Currency ban shocks Indians abroad
India’s shock move on Tuesday to withdraw large denomination bank notes from circulation to fight corruption and tax evasion has left some overseas citizens high and dry, as money changers in key Asian centres stopped accepting the currency.
In Hong Kong’s Chungking Mansions, home to more than a dozen money changers and a key hub for Indian businesses and traders, the Indian rupee found no takers, with several currency dealers displaying “0.00” on their counters.
The bustling 17-storey building, made famous by Wong Kar-wai’s 1994 movie Chungking Express depicting the seedy underbelly of Hong Kong, is popular with travellers looking for cheap accommodation and spicy Indian curries. On Wednesday morning, more than the usual number of Indian custo-mers turned up frantically looking to exchange their Indian notes, according to local money changers.

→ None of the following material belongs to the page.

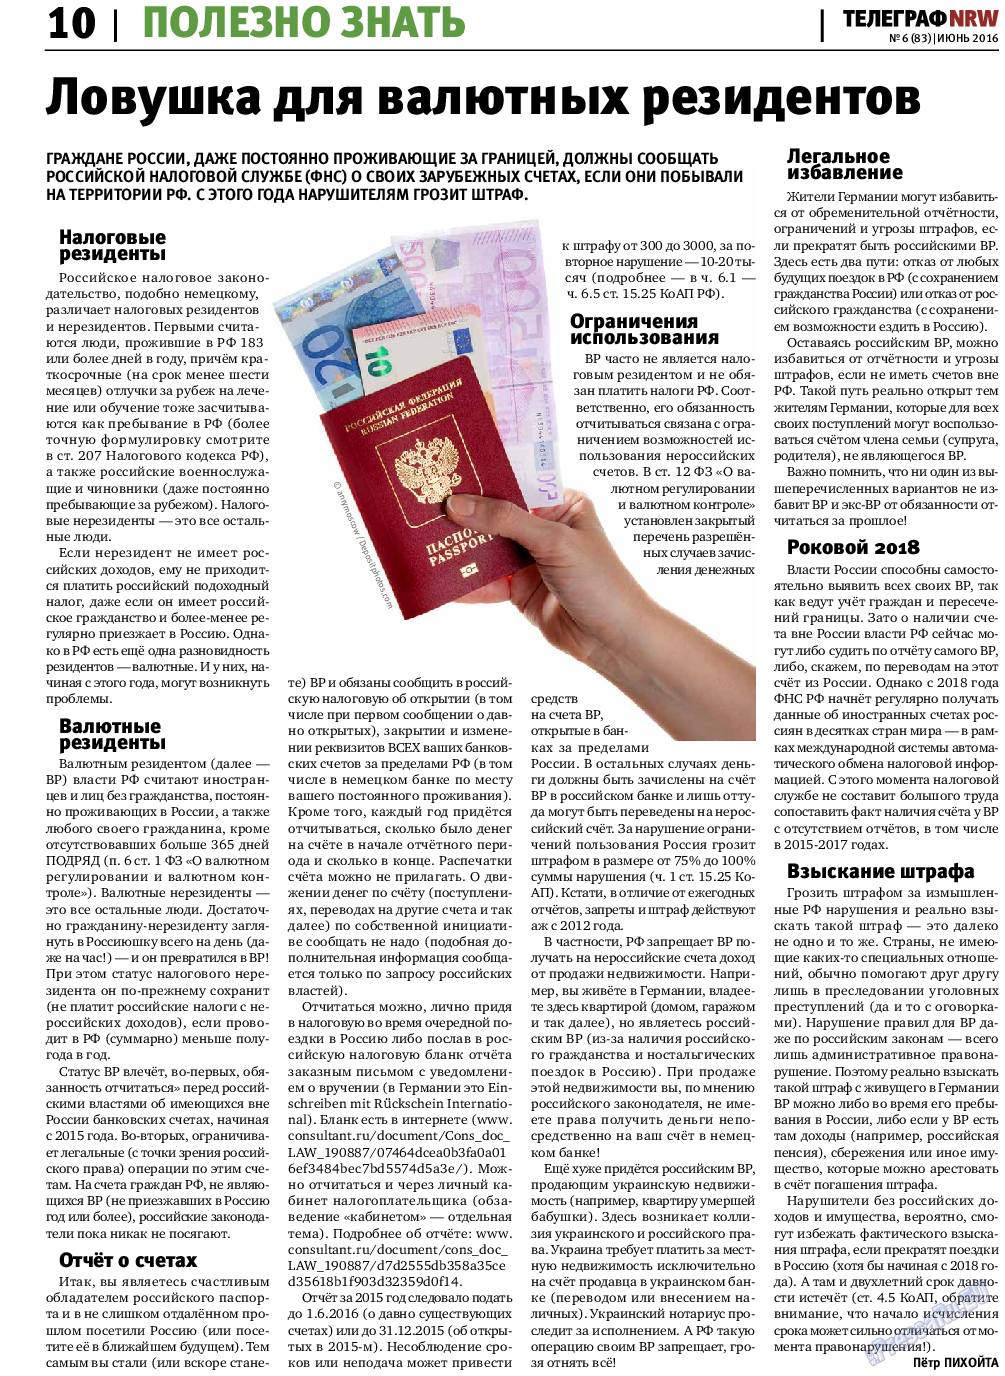 Телеграф NRW, газета. 2016 №6 стр.10

Gurpreet Kaur, a Hong Kong resident of Indian origin who was trying to convert about Rs 50,000, was disappointed after seven money changers refused to accept the 500 rupee bank notes she presented.
“This is really frustrating and we had no time to act,” she said.
In a surprise move, India announced it was banning the circulation of 500 and 1,000 rupee notes.
The decision is designed to bring billions of dollars in unaccounted wealth into the mainstream economy and to tackle India’s corruption and counterfeit currency problems.
It was a similar story in Singapore, another Asian financial centre with a sizeable Indian community, with people holding rupees and unable to exchange them into other currencies. “We’re not trading the currency to-day. Usually no one comes to change rupees but today there are a lot of people coming to change it,” an employee at Singapore-based City Money Changer said.